Shohamy was interested in curiosity as a gateway to understand motivation and memory. Her research has shown that people have better memory for things they are curious about. “Curiosity even improves memory in older people who have worse memory overall,” she says.
When we retrieve a memory from the past, “it involves a constructive process much like imagining something in the future,” Shohamy says. “The brain’s organization and emerging findings are calling into question our basic assumptions about memory and what it’s for—demonstrating a link between the past and future.”
For their COVID-19 study, Shohamy’s lab asked participants useful questions about the virus, such as: What should you do if you develop a fever and suspect you have COVID?
They also asked trivia-type questions related to the virus, as well and as other general trivia or how-to questions completely unrelated to the virus.
Participants were asked if they wanted to wait for the answer to each question—ranging from 2 to 20 seconds. “We know people will wait longer for things they’re more curious about,” says Shohamy. “It gave us a measure of how long people will wait for information.”
Her lab also collected information about participants’ location within the U.S., whether they were under a lockdown, or were affected by the virus. “We also asked how concerned they were about the virus and how anxious they were in general,” Shohamy notes.

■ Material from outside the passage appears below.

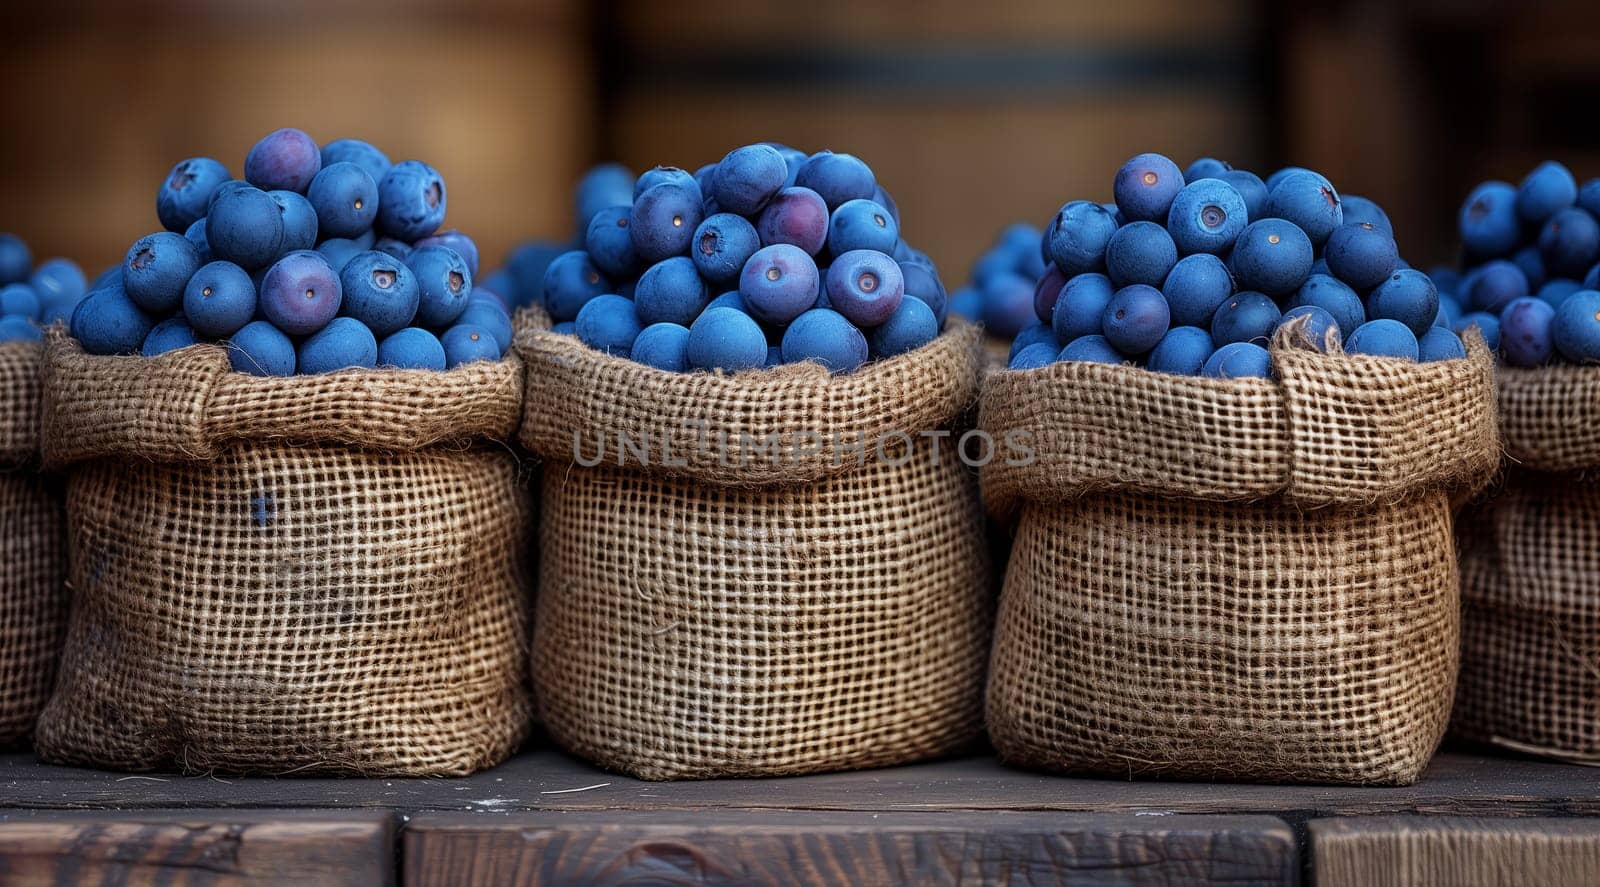 A row of storage baskets filled with electric blueberries at the local market by richwolf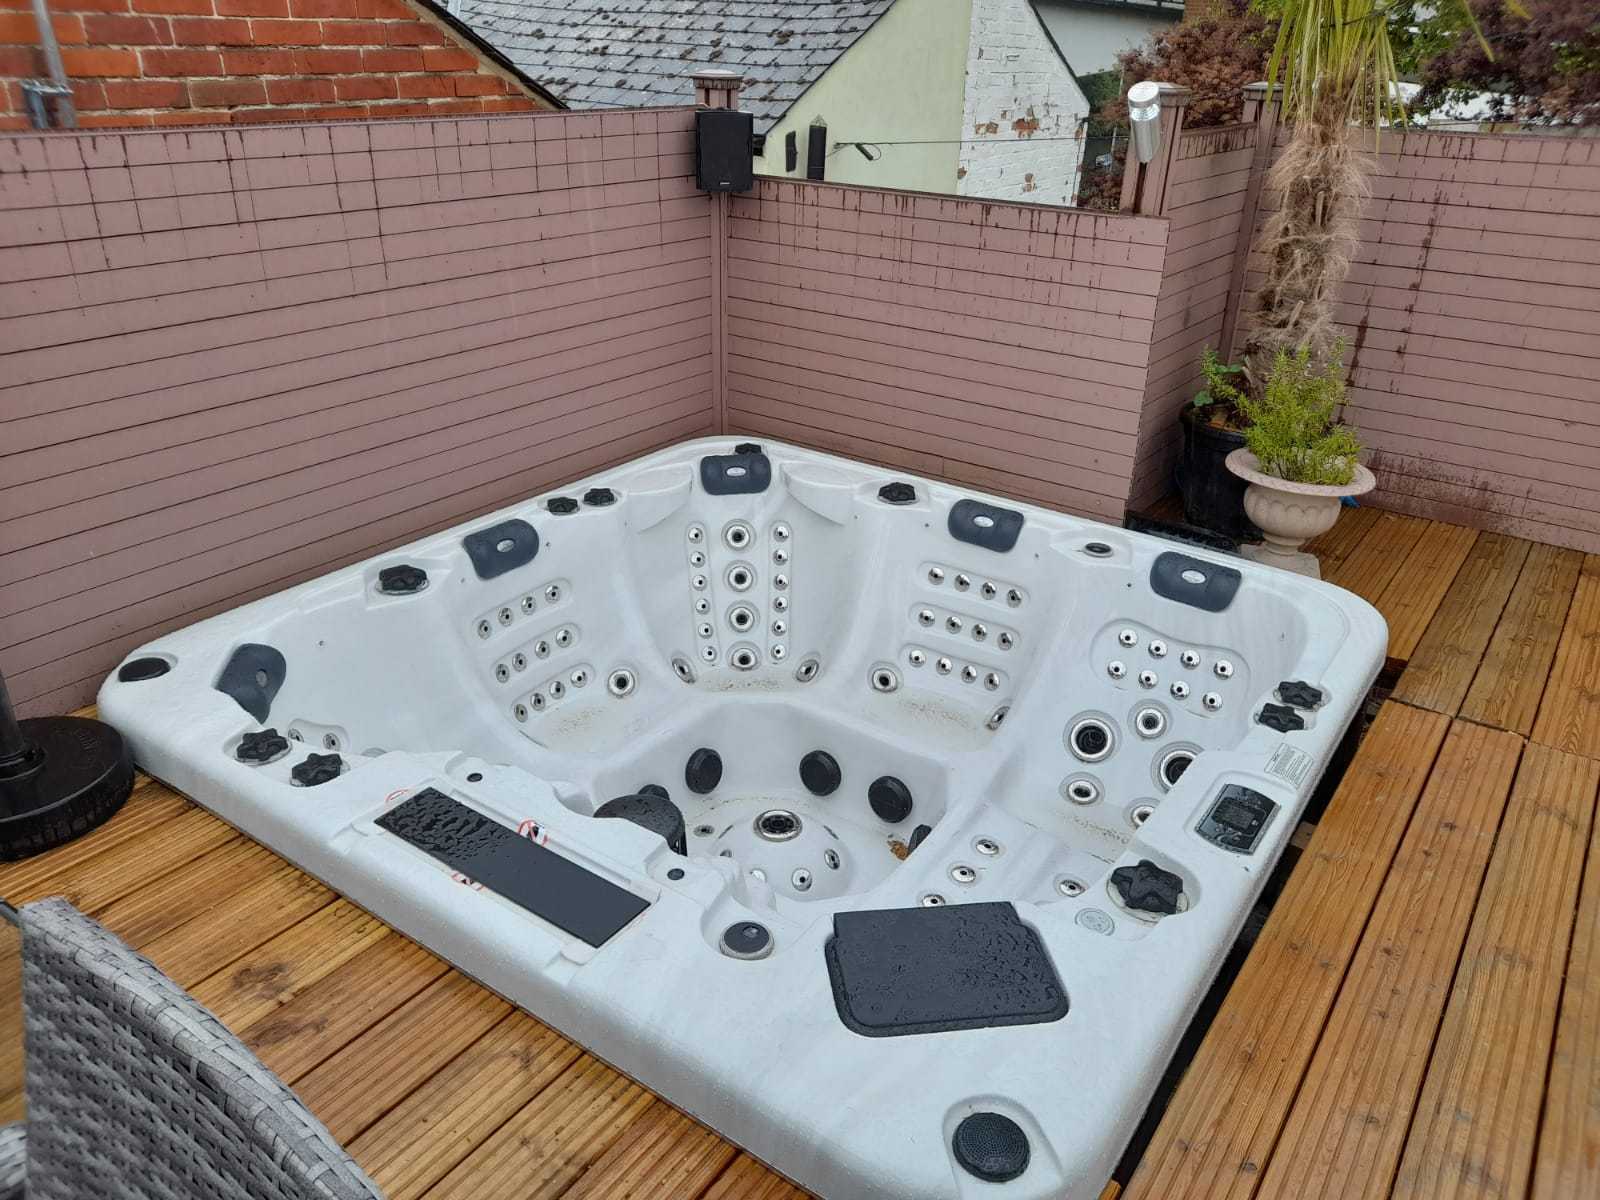 The jacuzzi, which has its own TVs

Participants most concerned about the virus, not surprisingly, were willing to wait for practical information about it. “They were also willing to wait for answers to trivia questions unrelated to the virus,” says Shohamy. “This suggests being in a motivational information-seeking mode was both useful for gathering relevant information, but also drove nonuseful exploration.”
This is not what they observed in people who were anxious in general, she adds, who were actually less interested in all types of information.
Their findings suggest a new understanding of how utility, motivation, and curiosity are all intertwined, which helps Shohamy’s lab understand memory. This study and others within her lab, regardless of COVID-19, suggest what we know and are concerned about shapes what we want to know, how hard we’re willing to work to obtain information, and determines what we’ll remember long term.
Shohamy sees opportunities emerging to expand or change way we explore behavior. “Even 10 years ago, this topic would have seemed off limits because we didn’t know enough to address something as ‘soft’ and ambiguous as curiosity,” she says. “But curiosity is a fundamental force in the behavior of humans and animals. The field is now on solid enough ground to start asking these kinds of questions rigorously.”
In another study, for example, Shohamy is collaborating with Eric Kandel, founding director of the Kavli Institute for Brain Science and a professor at Columbia University, as well as a Nobel laureate (2000) for his memory research. Together, they are exploring what happens within the brain when a person is looking at abstract art vs. representational art.
This work involves using functional magnetic resonance imaging (fMRI), which can probe the human mind in action—allowing the researchers to ask questions about circuits of the brain and how they work together to get a sense of networks and connectivity between them.
Now a few years in, Shohamy says this is an example of how neuroscientists can take ambitious questions about the human mind and make progress in understanding what’s happening within the brain and what the mechanisms are. “We’re not within five years of a breakthrough where everyone says ‘Ah yes, I understand how art works,’ but we’re beginning to understand it in ways we couldn’t before,” she adds.
Their work is beginning to identify distinct neural circuits that are engaged when people look at different kinds of art, and they’re linking these circuits to the kinds of decisions and evaluations people make about art.